For Python interop, use the typed builtins py_import(unsafe, name) and py_invoke(unsafe, callable, args), both require the Unsafe capability. See stdlib.md.


8. The main program

The entry point is a function called main that may take one or more capabilities as parameters. The capabilities are instantiated by the runtime at boot:

fun main(stdio: Stdio, fs: Fs, env: Env)
    let argv = env.args()
    stdio.println("received ${argv.length()} arguments")

main's return value is ignored by the bootstrap: the process exits 0 when main runs to completion, regardless of what it returns.

8.1. Aborting: the panic builtin

panic(message: String) terminates the program immediately. It is not an exception: there is no stack unwinding and no catch. The contract is identical on every backend:

  • panic: <message> is written to stderr (one line);
  • nothing is written to stdout;
  • the process exits non-zero (exit 1 on the Python backend; the Wasm and Component Model backends trap, which the CLI and capa test translate to exit 1).
fun withdraw(balance: Int, amount: Int) -> Int
    if amount > balance
        panic("withdraw of ${amount} exceeds balance ${balance}")
    return balance - amount

panic is declared as returning Unit (Capa has no bottom / Never type), so it cannot yet be used where a value of another type is expected; control never actually continues past the call.

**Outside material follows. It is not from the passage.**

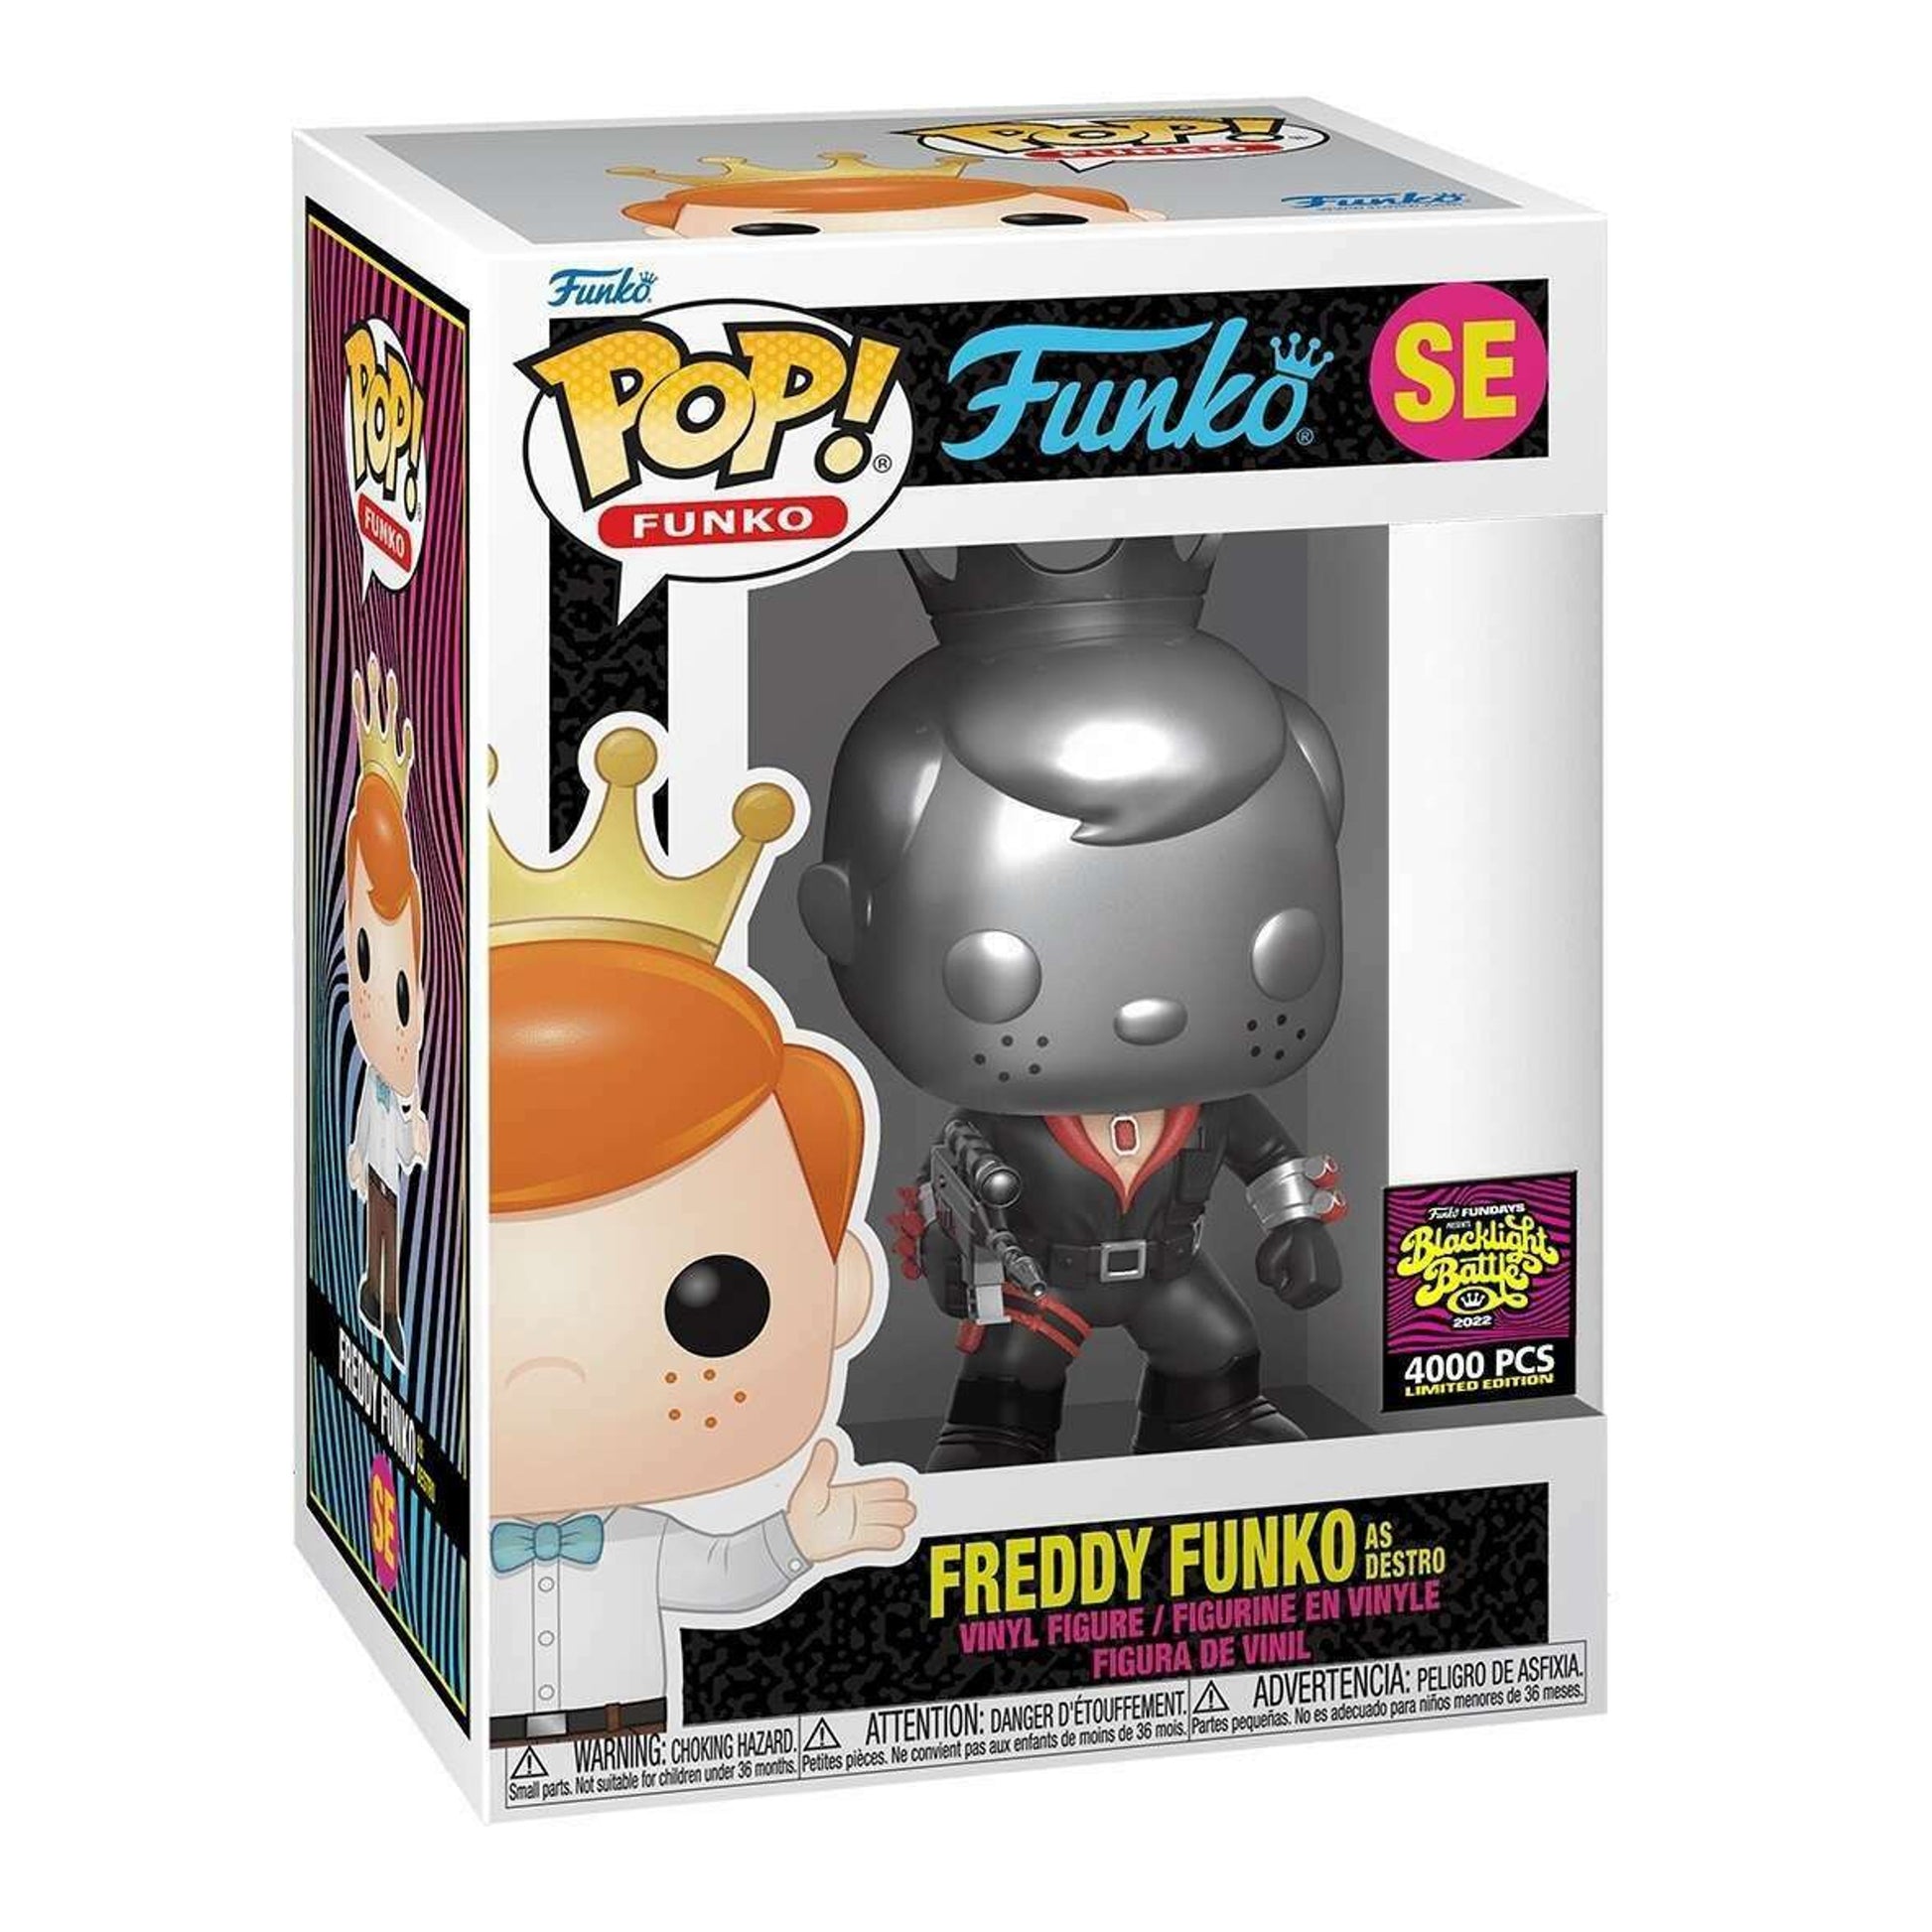 Freddy Funko As Destro Funko Pop!

It is the recommended way for a test program to fail (see testing.md). Because the message goes to stderr, panic is a public sink for information-flow purposes: passing a @secret value warns by default and is a hard error under @strict_ifc(), exactly like stdio.eprintln (route deliberate disclosures through declassify).

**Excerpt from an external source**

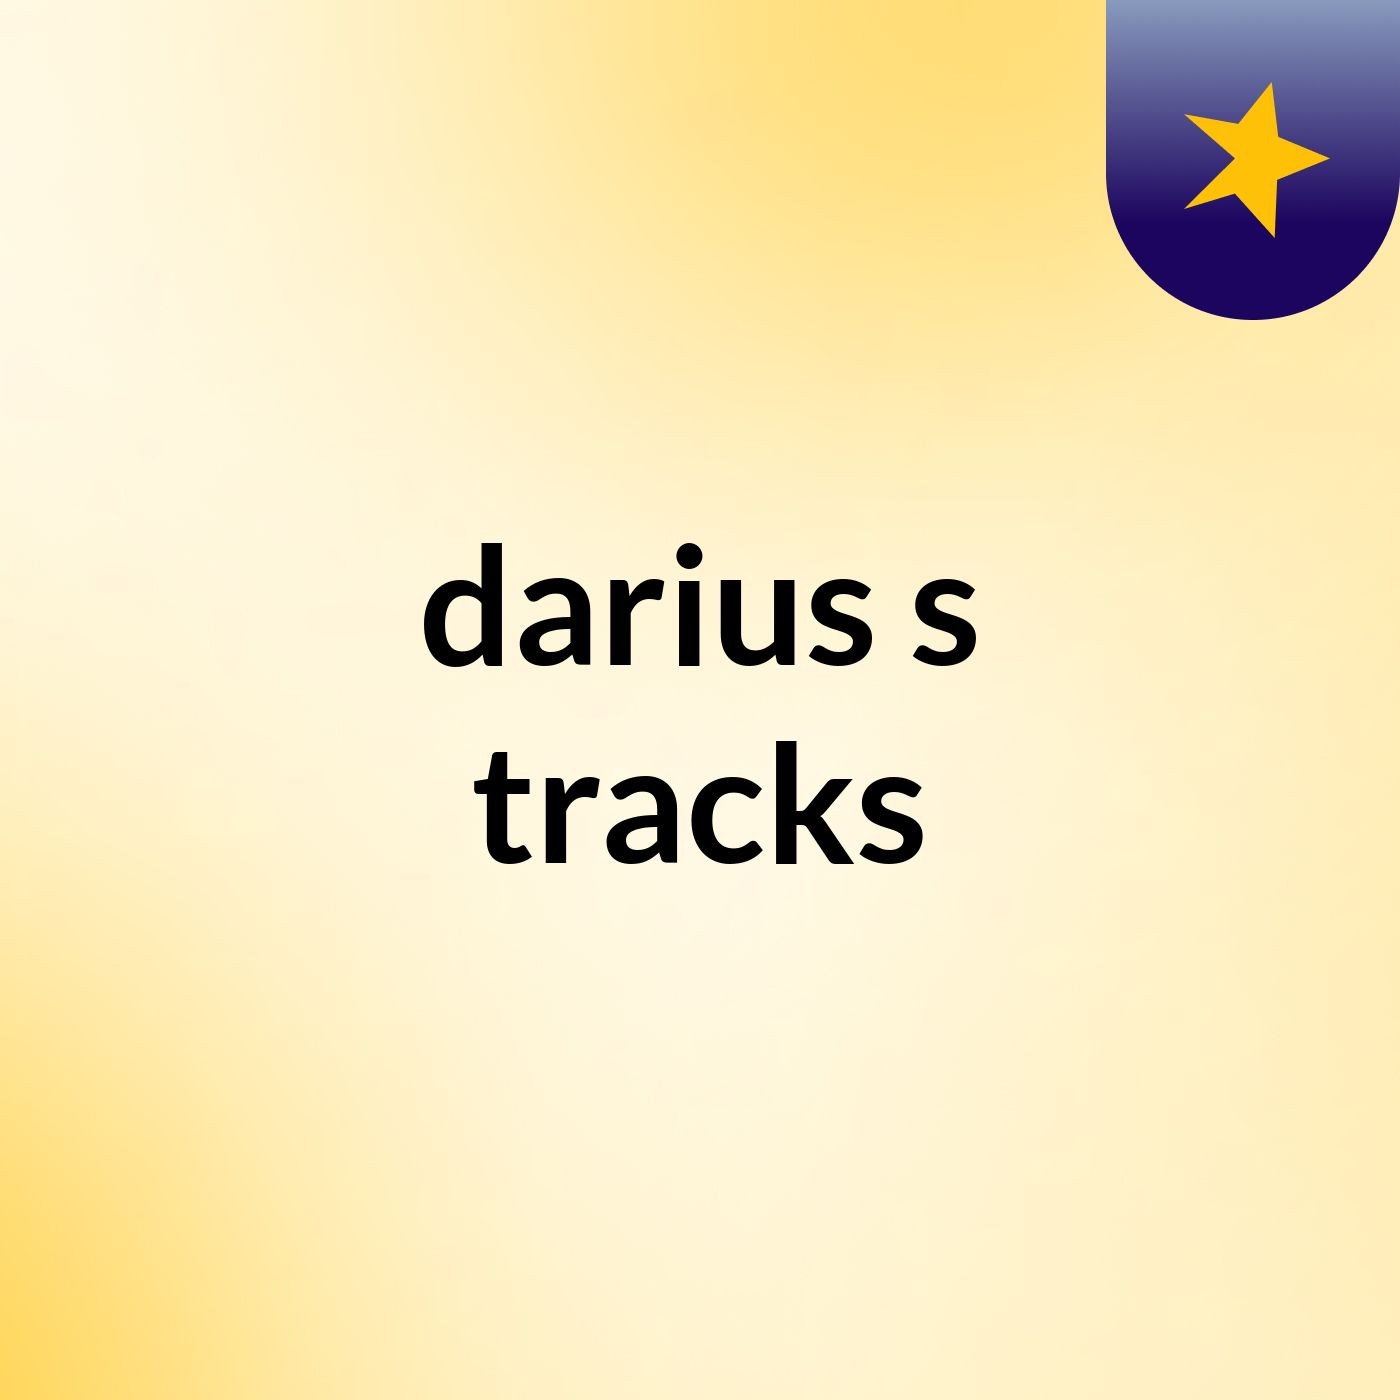 darius's tracks

9. Differences from Python

Capa transpiles to Python 3.10+, but the semantics differ:

Capa Python
Capabilities required for I/O Globals such as print, open
Types checked at compile time Duck typing
Exhaustive match checked match at runtime, no exhaustiveness
Or-patterns with consistent bindings Or-patterns without bindings
let x: List<Int> = [] valid Python equivalent has no checks
Mutation only with var or consume Everything mutable

10. Known limitations

  • String literals do not support multi-line (use \n for line breaks).
  • Nested string literals inside interpolation ("x ${"inner"} y") are not supported; bind the inner value to a let first.
  • Errors inside interpolation report positions starting from the file start; the offset has not yet been wired to the position inside the ${ ... } expression.
  • The module system is intentionally small: import, optional as alias, pub visibility. No re-exports, no star imports, no transitive dependency resolution at the language level (the package manager handles transitive fetch via capa.toml and capa install; see packages.md).
  • No asynchronous IO operations.
  • if/match in block-body lambdas needs => before the indented block.